Audacious claims are what gets a business attention. Delivering on those claims is how you earn repeat customers or go home early. No one “needs” 15-minute grocery delivery until they do. The app is easy to navigate, and the images are crisp. The cart and payment are straightforward. The prices seem high, but I don’t shop in Brooklyn, so I cannot judge that magnitude.

Bravo for having the fortitude to make the 15-minute claim. My advice, stick to a limited assortment (no need for 3,000 items), do not expand the delivery area, scale only after working out the kinks — from assortment to sourcing and pricing, to driver management and logistics. Apply as much advanced analytics as you can to understand your customers well.
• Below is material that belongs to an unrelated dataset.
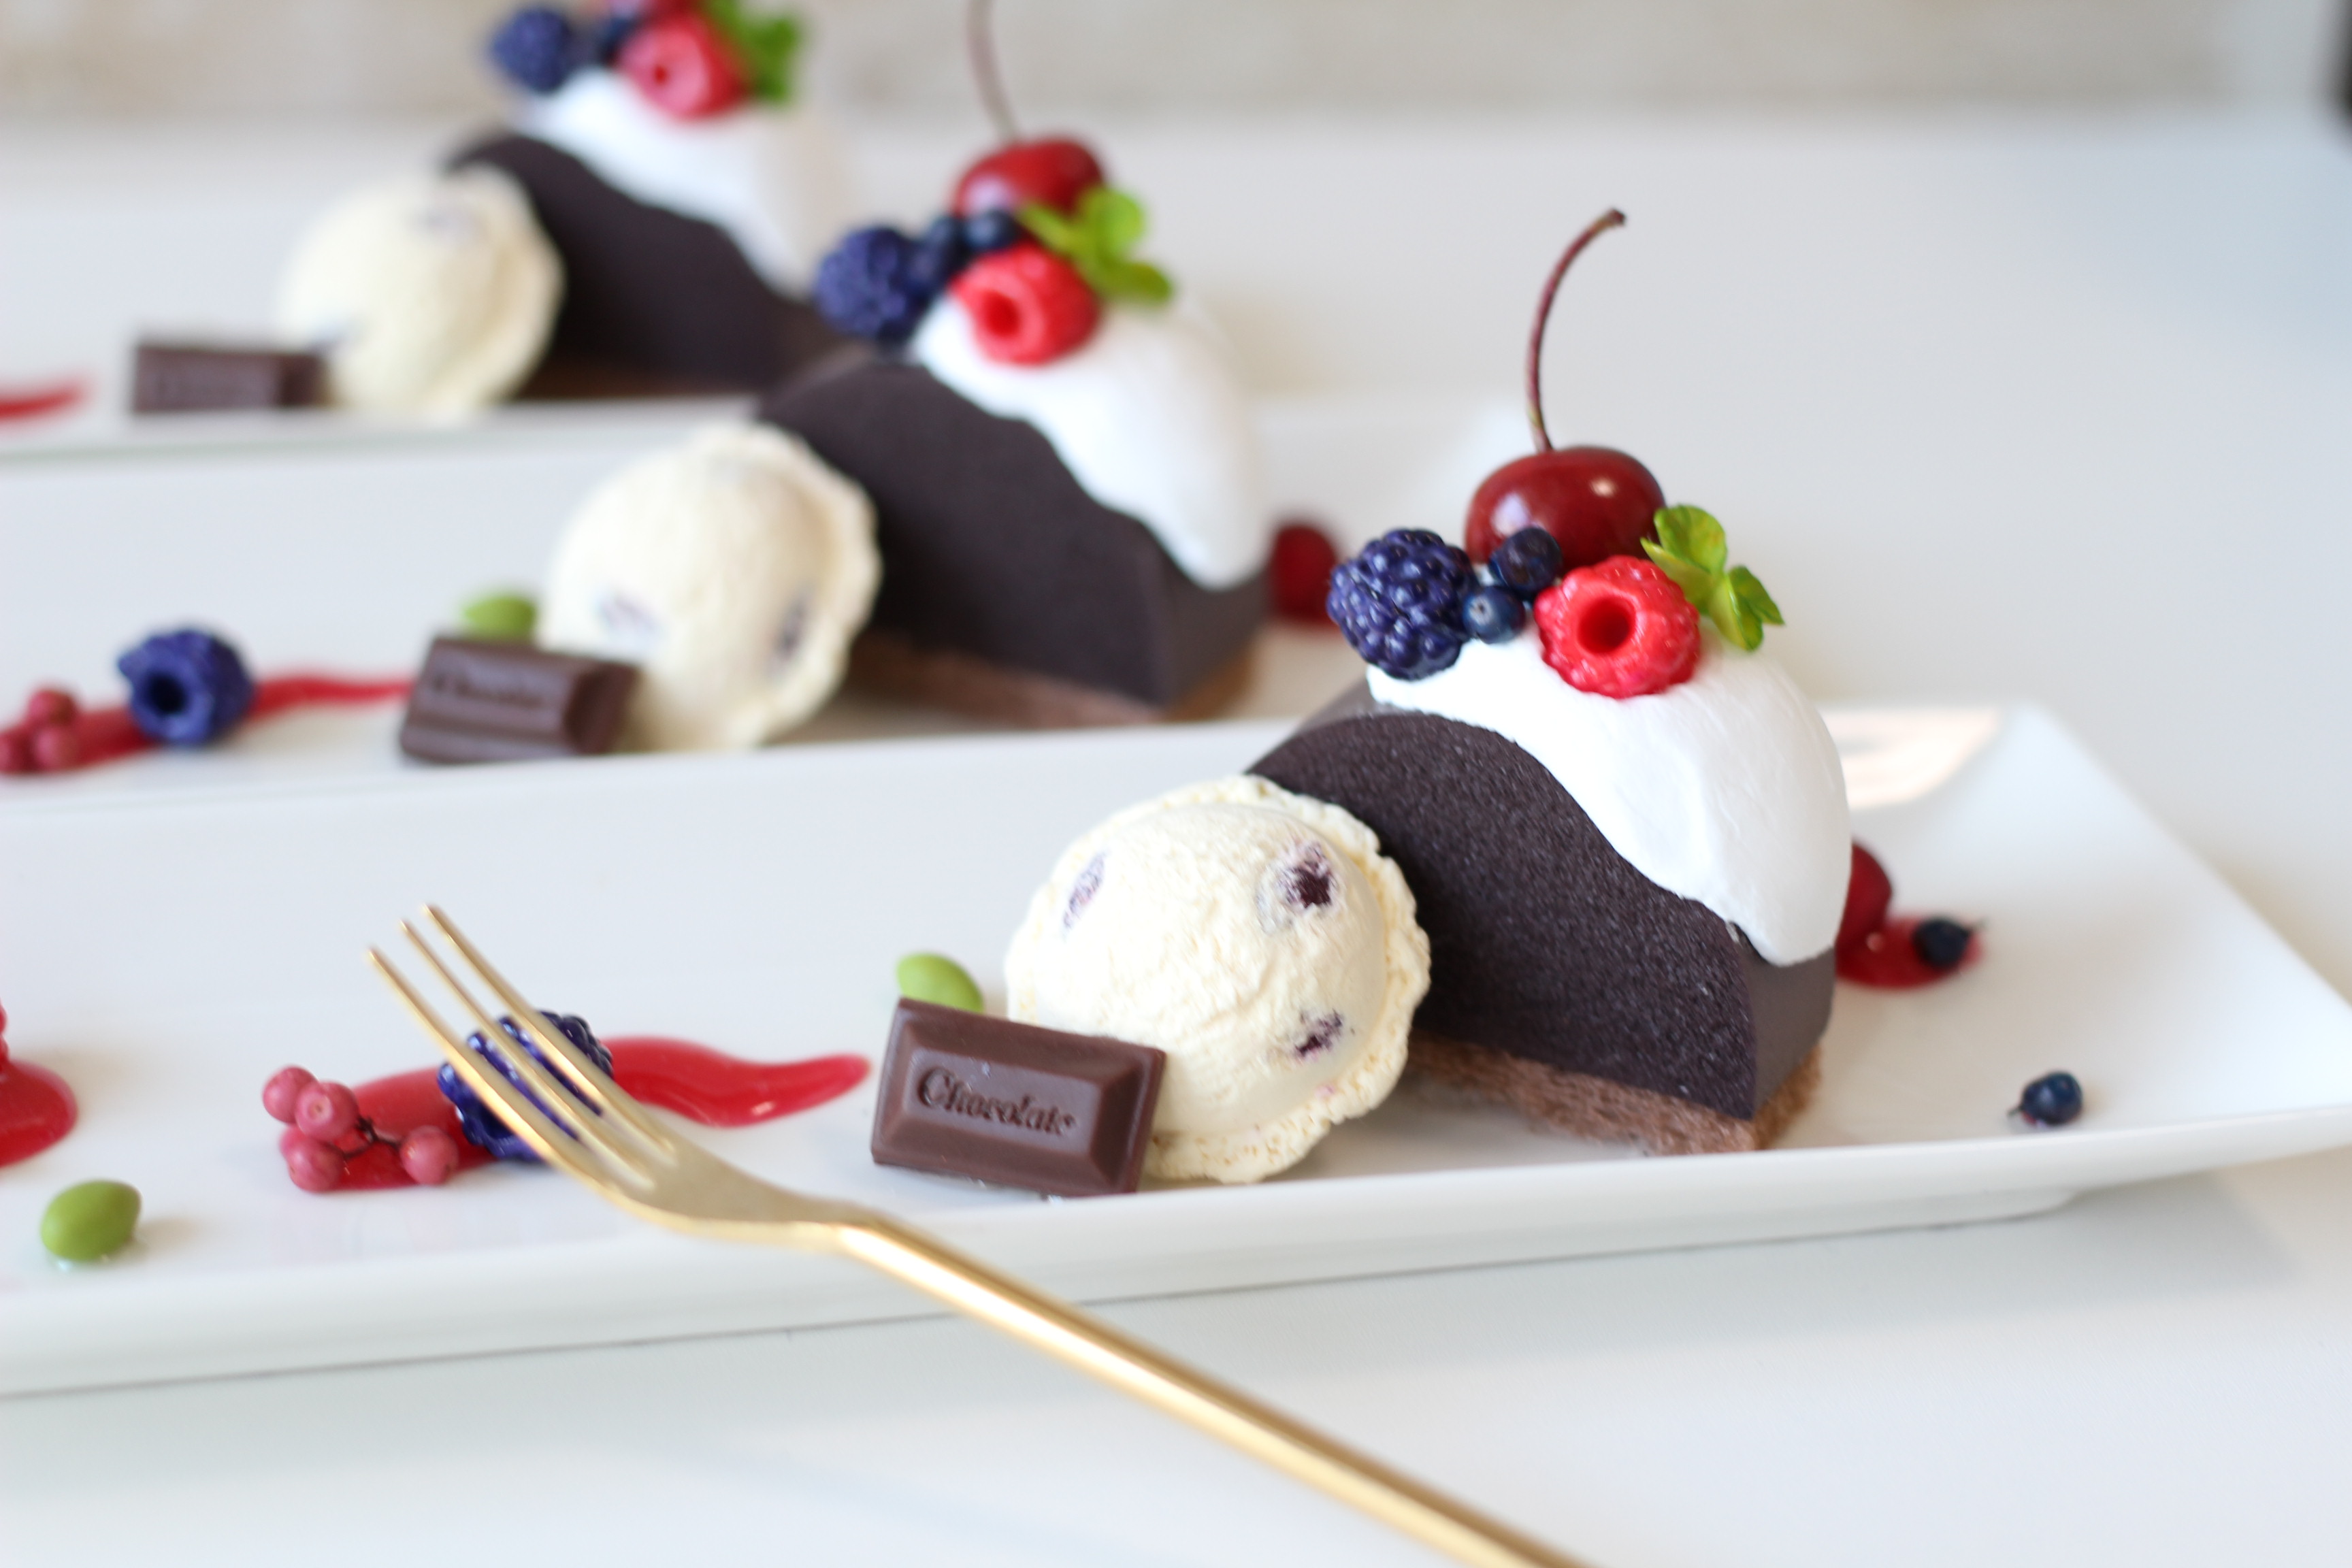 チョコレートムースケーキとラムレーズンアイスのデザートプレート 送料無料 Iichi ハンドメイド クラフト作品 手仕事品の通販

Experts are quick to tell you why your claim is ridiculous or ludicrous, but change only happens by unreasonable minds unsatisfied with the status quo. Fridge No More’s success turns on the ability to execute on its audacious claim. Good luck, and keep pushing!

Craig Sundstrom
Craig Sundstrom
Noble Member
3 years ago

I might christen this the DARE thread: Just say “no” (to all the questions).

I’ll never wish someone to fail, but when one creates a business plan that almost reads like a parody of everything wrong in retailing it takes quite a bit of self-control. I’ll modify my normal well wishing: I hope no one loses their life savings in this.

Bob Phibbs
Trusted Member
3 years ago

Please do a follow up on stories like this in six months? So much noise out there and promise, but we never hear the rest of the story, as Paul Harvey used to say. I have my doubts.